# Zyklusgenaue Erfassung von Signalen aus S5-Steuerungen



## Gerhard Bäurle (7 September 2006)

Guten Tag,

der *SPS-Analyser AutoSPy* ist ein Test- und Analysetool 
für Siemens-Steuerungen. Mit AutoSPy können Sie die 
Zustände der Peripherie in jedem SPS-Zyklus "aus Sicht 
der Steuerung" aufzeichnen und analysieren. AutoSPy 
ist damit ein unentbehrliches Hilfsmittel für die schnelle 
Suche und Beseitigung von Störungen.





Ab sofort ist auch die Erfassung von Signalen aus 
S5-Steuerungen möglich:


zyklusgenaue Signalerfassung von max. 256 Signalen 
gleichzeitig
Kommunikation über PG-Schnittstelle
symbolische Signalauswahl über Import von STEP5-
Symboltabellen
Zeittriggerung (Start- und Stoppzeiten)
Prozesstriggerung (Logische und Schwellwert-
bedingungen)
 
Informieren Sie sich gleich jetzt über die neuen 
Möglichkeiten des SPS-Analysers AutoSPy. Und 
laden Sie noch heute die neue Demo-Version von 
unserer Webseite.

Viele Grüße

Gerhard Bäurle


----------



## Daisy (15 September 2006)

Hallöchen, ist das wirklich eine Neuentwicklung? Unsere letzte S5 haben wir vor Kurzem verschrottet und so nach und nach wird das ja überall passieren.

Liebe Grüße

Daisy


----------



## Gerhard Bäurle (15 September 2006)

Daisy schrieb:


> Hallöchen, ist das wirklich eine Neuentwicklung? Unsere letzte S5 haben wir vor Kurzem verschrottet und so nach und nach wird das ja überall passieren.



Nur weil Siemens die S5 abkündigt wird ja 
nicht jede S5 rausgeworfen. Manche 
funktionieren noch Jahre und solange die Anlage 
läuft gibt es keinen Grund sie zu ersetzen. 

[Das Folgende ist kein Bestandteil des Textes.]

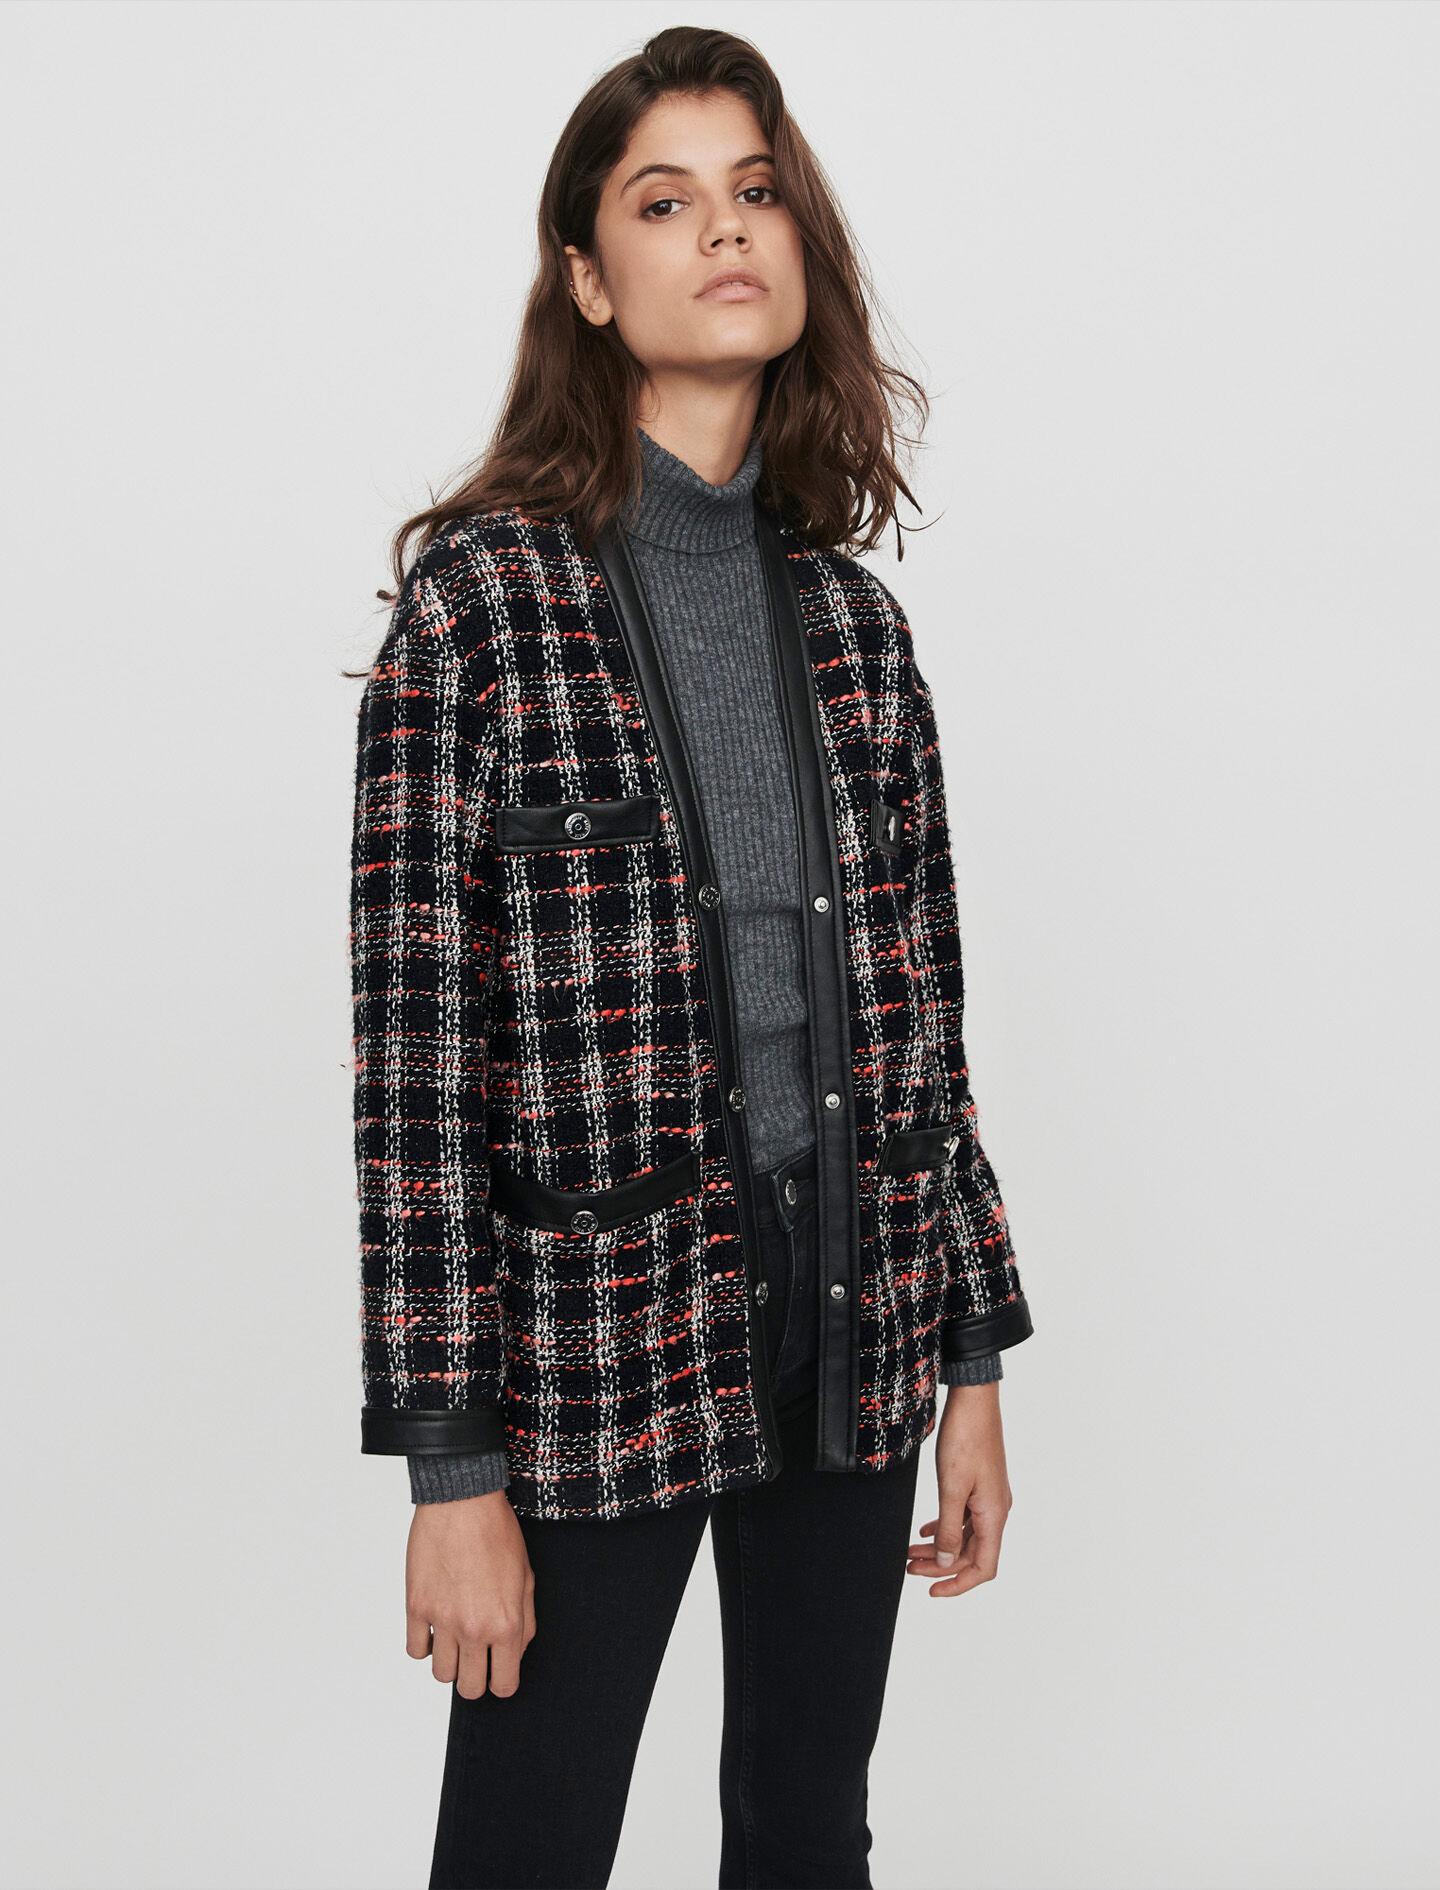 Women Coatsamp; Jackets Women Women Coatsamp; Coatsamp; Jackets Clothing Clothing Jackets SUMGLqpzV

Deshalb kommen auch heute noch in 
gewissem Umfang S5-Produkte auf den 
Markt, neben dem S5-Analyser sind das 
z. B. das ACCON-COM-Kabel USB oder 
das ACCON-S5-LAN. 

Viele Grüße

Gerhard Bäurle


----------



## Seppl (17 September 2006)

Hallo,

auch bei uns ist die S5 nicht so tot wie sie Siemens gerne sehen würde. Und falls doch mal eien Baugruppe hinübergeht, kann man sich entweder ein Gebrauchte beschaffen oder reparieren lassen. Ist meistens auch günstiger als die Anlage auf S7 umzurüsten.

Seppl


----------



## seeba (17 September 2006)

Wird doch langsam Zeit für die S9, oder?


----------



## Gerhard Bäurle (18 September 2006)

Oder die S11??


----------